Since August, it’s appeared that Clinton’s easiest path to top 270 electoral votes has been through winning solidly Democratic states as well as the six “lean Democratic” states of Michigan, Wisconsin, Virginia, Colorado, Pennsylvania, and New Hampshire.

And that still looks to be the case. All along, Clinton has led the vast majority of polls in these six states. In five of them, Trump hasn’t led even a single poll since at least July. In the case of Wisconsin and Michigan, he hasn’t led a single poll all year.

Yet we haven’t gotten all too many polls of these states since the national numbers started to tighten again. And campaign observers did note that the Clinton campaign began buying its first ads in Wisconsin last week, which conceivably could indicate some tightening there. (However, the ad buy could also be an attempt to help out the Democratic Senate candidate, Russ Feingold, by padding Clinton’s margin of victory.)

The best state poll news for Trump lately has been a few new polls showing him once again leading in Florida, which is an absolute must-win state for him. However, there have been other polls showing Clinton still holding on to a narrow lead.

And again, winning Florida wouldn’t be enough for Trump. He also likely needs North Carolina, and out of 15 pollsters who have polled the state in October, only one — a Republican firm — has shown him ahead there.

What’s going on in early voting

The effect of any other last-minute “November surprises” may be blunted somewhat by the fact that more than 22 million people have already voted. And about 10 million of those votes are in swing states, according to statistics tracked by Michael McDonald at US Election Project.

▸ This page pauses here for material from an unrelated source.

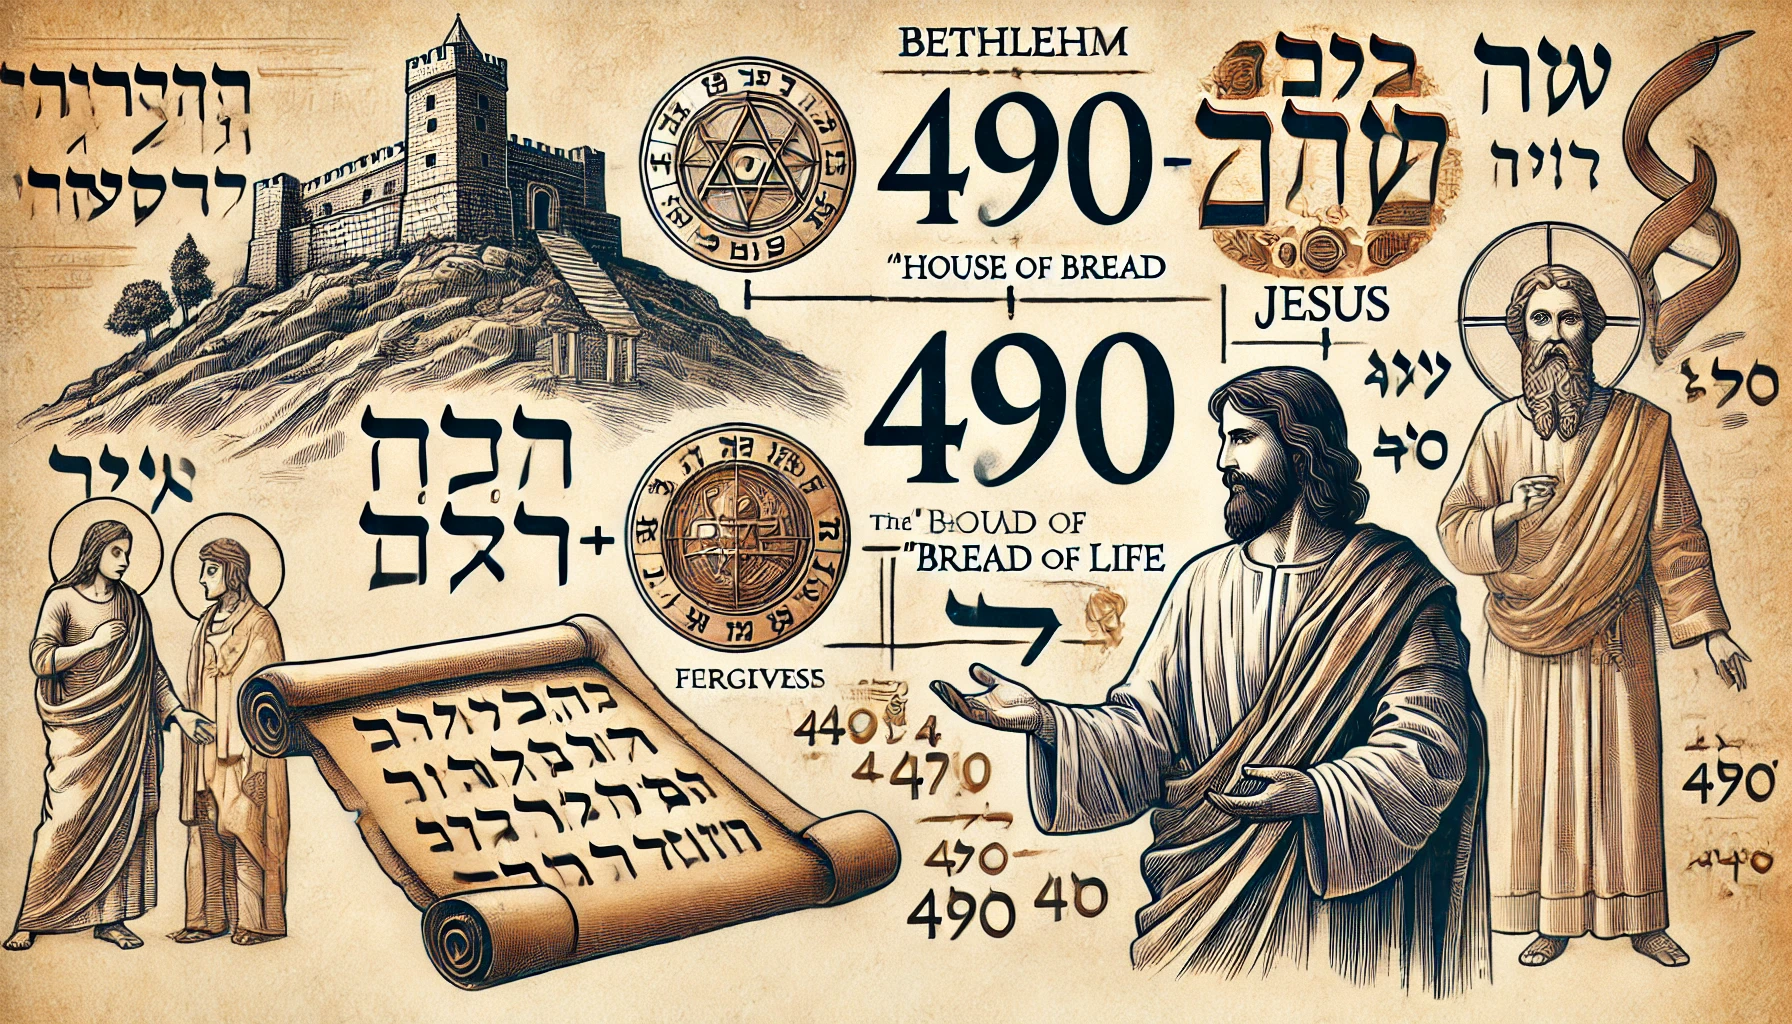 An illustration depicting the concept of the number 490 in the Bible. Show a connection between Bethlehem, represented by the 'House of Bread', and Jesus as the 'Bread of Life'. Include elements such as ancient Hebrew letters with their numerical values, a symbolic representation of forgiveness, and an image of Jesus teaching. The background could feature an ancient scroll with the Hebrew alphabet and a scene of Bethlehem. Highlight the numerical values of the letters that add up to 490.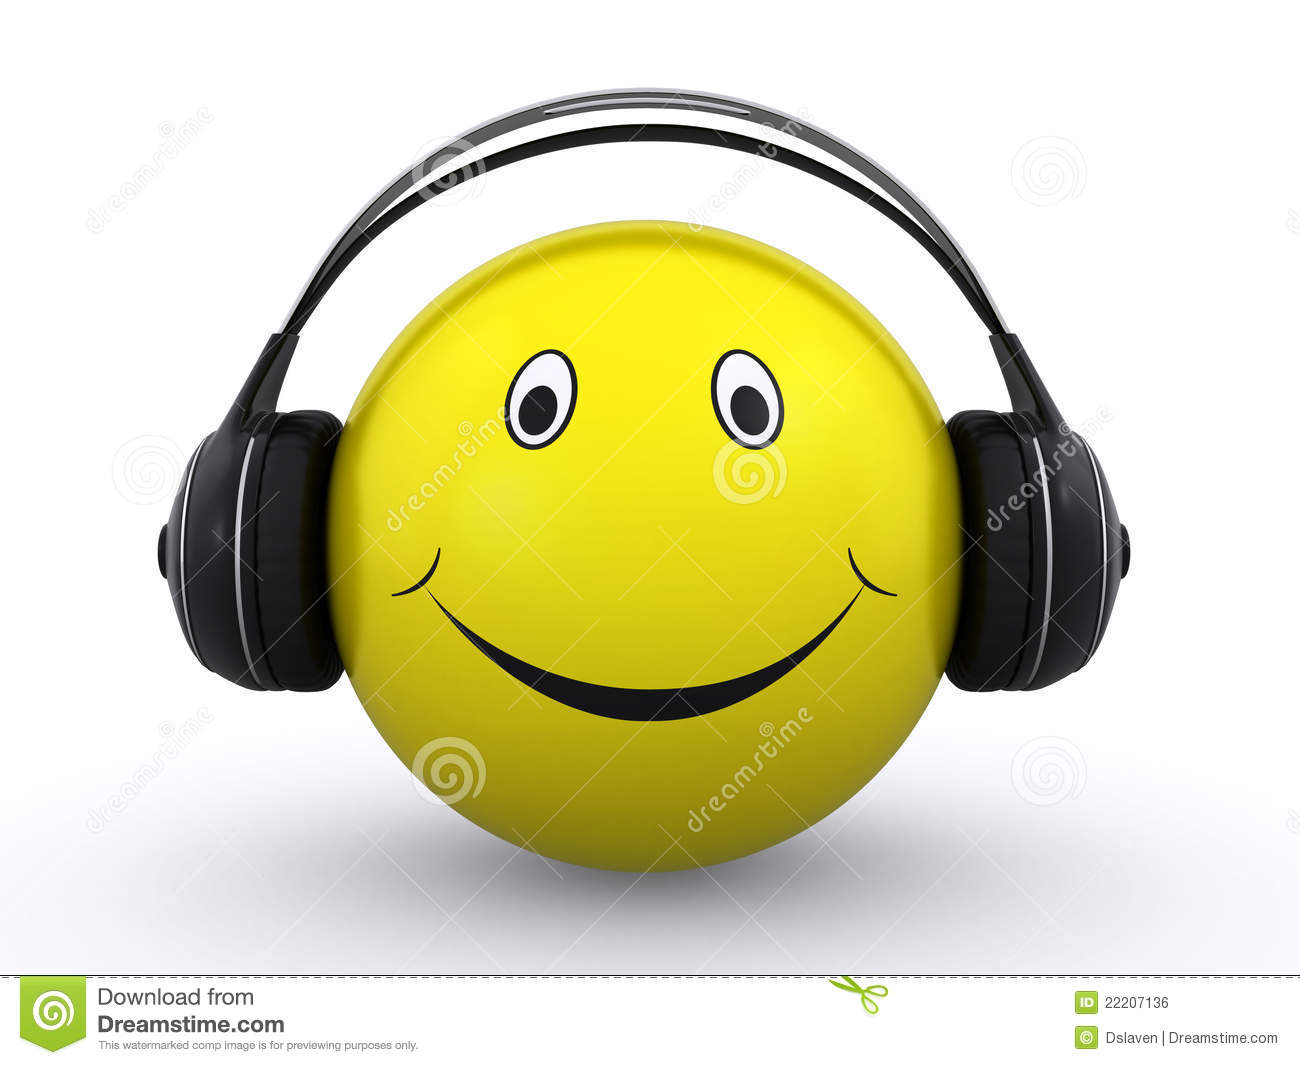 Smiley Face with Headphones

Indeed, votes equivalent to a third or more of total ballots cast in 2012 have already been cast in Florida, North Carolina, Nevada, Arizona, and Colorado, either through in-person early voting or by mail.

As to what early voting has shown us so far — well, as McDonald has observed, “early voting statistics can be a bit of a Rorschach Test that entices partisans to see victory for their favored candidate.”

But there have been some interesting analyses from Dave Wasserman (who suggests Hispanic turnout is up and black turnout is down from 2012), Steve Schale (who writes that the Florida data suggests the state could be very close), and Jon Ralston (who suggests “Trump almost surely is losing Nevada”).

What is clear, though, is that if there is a truly last-minute “November surprise,” then it would likely have its effect concentrated in states where early voting doesn’t exist or tends to have a low amount of participation, like Pennsylvania, New Hampshire, and Virginia.